High-Performance Computing and Formal Methods

Formal methods are mathematically rigorous techniques for the specification, development, and verification of hardware and software systems. They provide a robust mathematical framework for system specification and verification that contributes to the reliability and robustness of a design. Over the years, formal methods have been applied to design several hardware and software systems including the NASA NextGen Air Traffic Transportation Systems, several microprocessor designs from major hardware vendors, such as Intel, IBM and AMD, and large distributed systems and secure-software repositories of major software technology companies, such as Facebook and Amazon. However, the inherent computational complexity limits the widespread applicability of formal methods due to the “state-space explosion problem.” Several mathematical and algorithmic advances have helped scale the application of formal methods to the design of complex systems, with most research focused on logic for system specification and verification, abstraction and composition techniques, and decision procedures for different mathematical theories.

State-of-the-art advances in formal methods and widespread adoption of cloud computing has led to an increased interest in the use of parallel computing infrastructures to tackle the scalability limitations of formal methods. High-performance computing (HPC) is a key-enabler for scaling the applicability of formal methods to large and complex problems, besides fundamental algorithmic advances. HPC can enable both vertical scalability, e.g., running multiple “independent” tasks in parallel, and horizontal scalability, e.g., breaking up an individual task into smaller “co-dependent” parallel tasks. It is well-known that formal-methods algorithms are computationally-expensive, e.g., model checking, and major algorithmic advances are rare due to the inherent problem complexity. Therefore, the successful application of HPC to formal methods will take advantage of high-performance computing platforms for the verification of complex systems by utilizing parallel algorithms for verification and synthesis (e.g., parallel model checking algorithms), various divide-and-conquer decision procedures (e.g., parallel SAT solving), and parallel problem orchestration (e.g., efficient distribution of individual tasks across a compute cluster).
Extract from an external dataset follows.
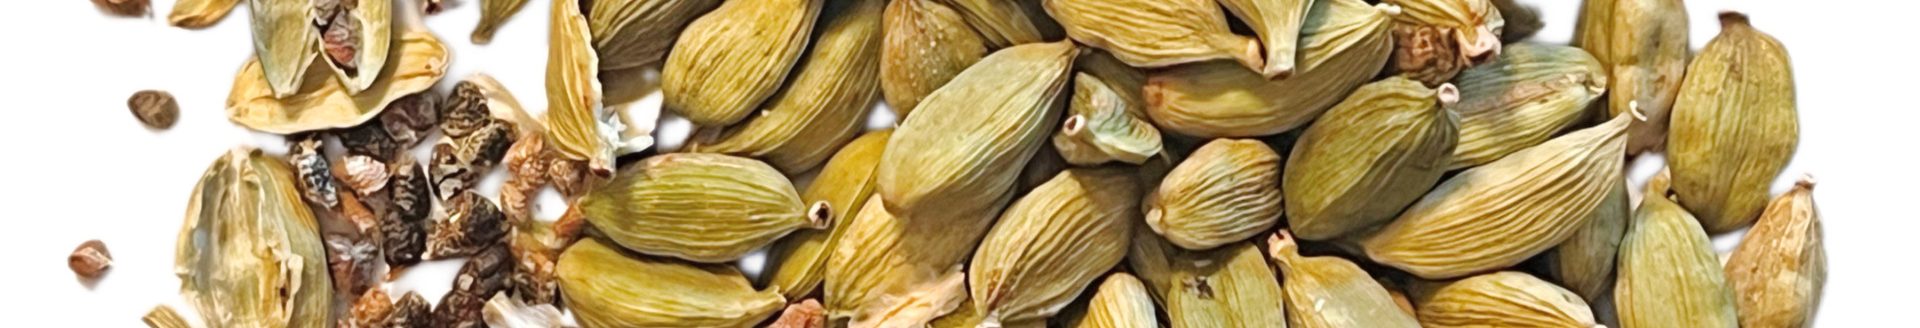 Cardamom has shown a range of health benefits, including weight loss and reducing inflammation. (Texas A&M AgriLife Courtesy photo)

This Research Topic welcomes submissions of papers reporting both original research and case studies on algorithmic advances and the use of high-performance computing for scaling automated reasoning and application of formal methods in system verification and synthesis, and mathematical and logical foundations of parallel formal verification and synthesis algorithms including contributions discussing complexity and correctness guarantees of parallel algorithms. Topics of interest include (but are not limited to):

● Algorithms and tools for verifying models and implementations; including model-checking, theorem proving, runtime verification, and decision procedures

● Algorithms and tools for system synthesis; including software synthesis and reactive (discrete-time, timed, hybrid) synthesis

● Mathematical and logical foundations of scalable formal verification and synthesis algorithms; including complexity analysis, correctness guarantees, and performance improvements

● Case studies and experience reports on the use of high-performance computing in applying formal methods for system verification and synthesis.